Hay dos aspectos interesantes que deben considerarse cuando un gobernante deja el poder una vez culminado el periodo para el cual fue electo; el primero de ellos se refiere a los niveles de aprobación popular, ejercicio político que adquiere singular relevancia en los momentos en que se deja el cargo presidencial pasando la posta a su sucesor. El otro aspecto que guarda relación con el primero, pero no necesariamente es una consecuencia del mismo, hace mención a la posibilidad de que el mandatario saliente pase a ser considerado, con el posterior escrutinio, uno de los presidentes sobresalientes de su nación esperando el gran veredicto de la historia.
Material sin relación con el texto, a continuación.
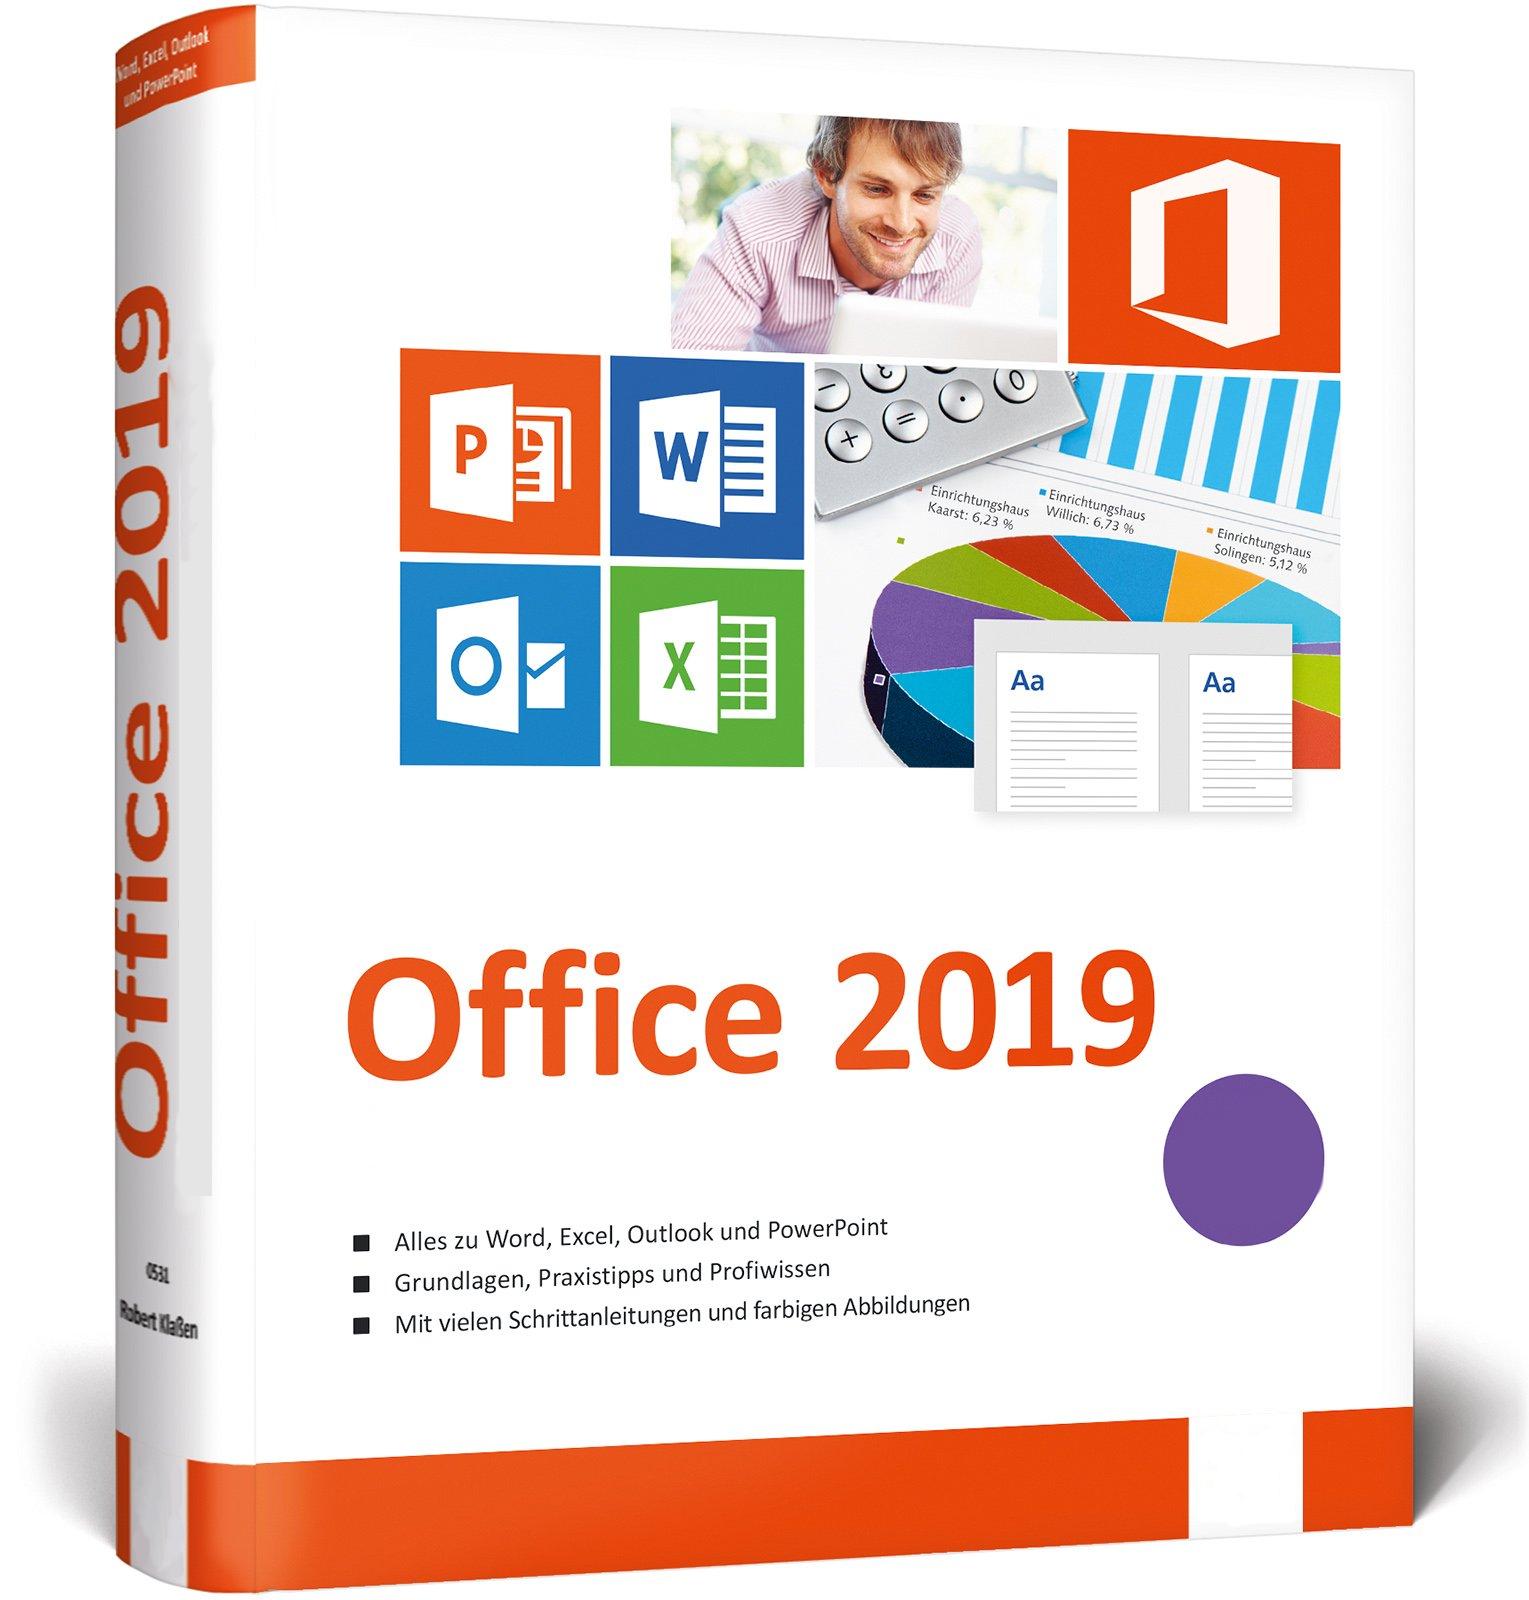 Office Professional Plus 2019 v1811 Build 11029 20079

La digna despedida de Barack Obama de su cargo de presidente de Estados Unidos nos permite tener una identificación clara de los momentos antes descritos; Obama deja su cargo con un nivel de aprobación del 60%, alto por cierto pero sin superar los niveles alcanzados por Clinton (66%) y Reagan (64%); por otra parte, el 25% de estadounidenses piensa que Obama será recordado como uno de los más grandes presidentes en la historia de dicho país, mientras que el 11% pensaba que Reagan formaría parte de dicha lista ilustre y un 11% estimaba lo mismo de Bill Clinton. Debe quedar claro que el hecho de que la gente tenga tal apreciación en estos momentos no necesariamente implica el visto bueno de la revisión histórica, pues esta es cruda y fría a la hora de realizar la evaluación; pero resulta inobjetable que ayudará mucho la circunstancia de que el pueblo, al dejar el cargo, estime que el expresidente será recordado de forma notable.
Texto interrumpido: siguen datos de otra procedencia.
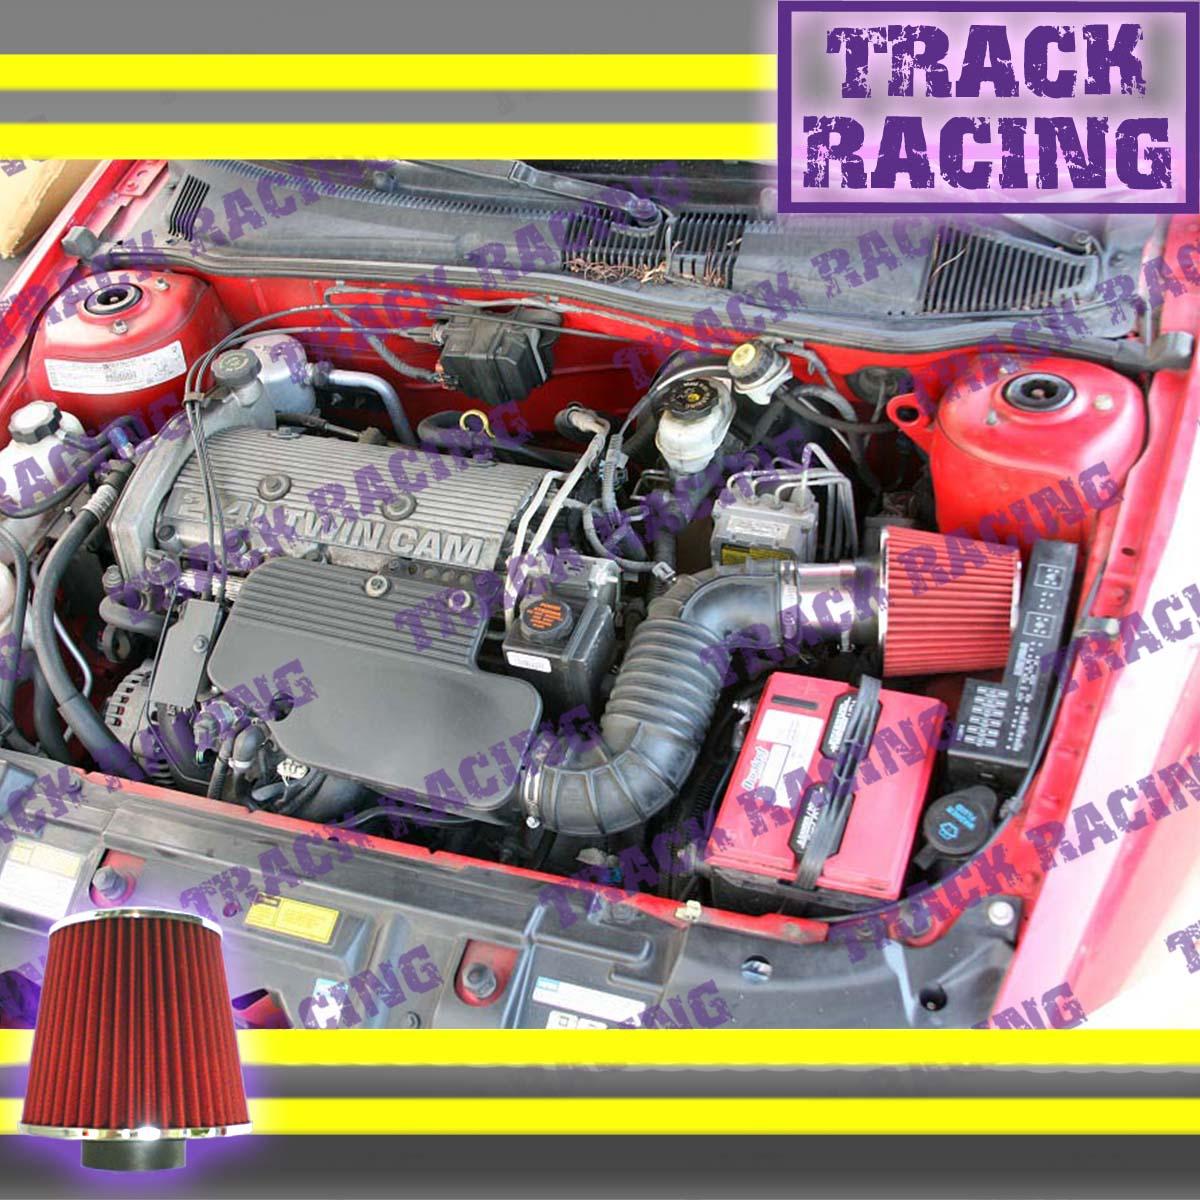 1996 Chevrolet Corsica Camshaft: 1996 CHEVY BERETTA/CHEVROLET CORSICA 3.1L V6 AIR INTAKE

Hay otra perspectiva que merece ser también analizada y que se refiere a la percepción que tiene el propio gobernante de su mandato. En otras palabras, ¿qué piensa el presidente de su gobierno, ha hecho un gran gobierno, considera que pasará a la historia como un estupendo estadista o tendrá la hidalguía y humildad para aceptar que su gestión finalmente dejó mucho que desear? En ese contexto, Barack Obama ha dejado lecciones valiosas de cómo despedirse con clase, sin aspavientos, sin estridencias, obviamente reconociendo –y queriendo que se le reconozcan– los logros de su gestión, más allá de las críticas y equívocos que pudiesen darse al respecto. Obama no se ha jactado de su inefabilidad, ni mucho menos ha sugerido que su gobierno estaba destinado a convertirse en leyenda o, lo que es peor todavía, que era ya leyenda quién sabe coronada de qué aura celestial. Obama es demasiado inteligente para saber cómo paga la soberbia.

En el caso de nuestro país, debemos esperar unos meses para saber cuál es el veredicto ciudadano respecto del desempeño del presidente y si es que acaso se piensa que algún día será recordado como un gran mandatario. Curiosamente, no hay que esperar hasta mayo para conocer lo que piensa el presidente de su propia gestión, demasiado brillante para ser opacada, demasiado única para ser comparada, demasiado perfecta para ser criticada. Para algunos, la soledad luego de dejar el poder debe ser dura, muy dura. (O)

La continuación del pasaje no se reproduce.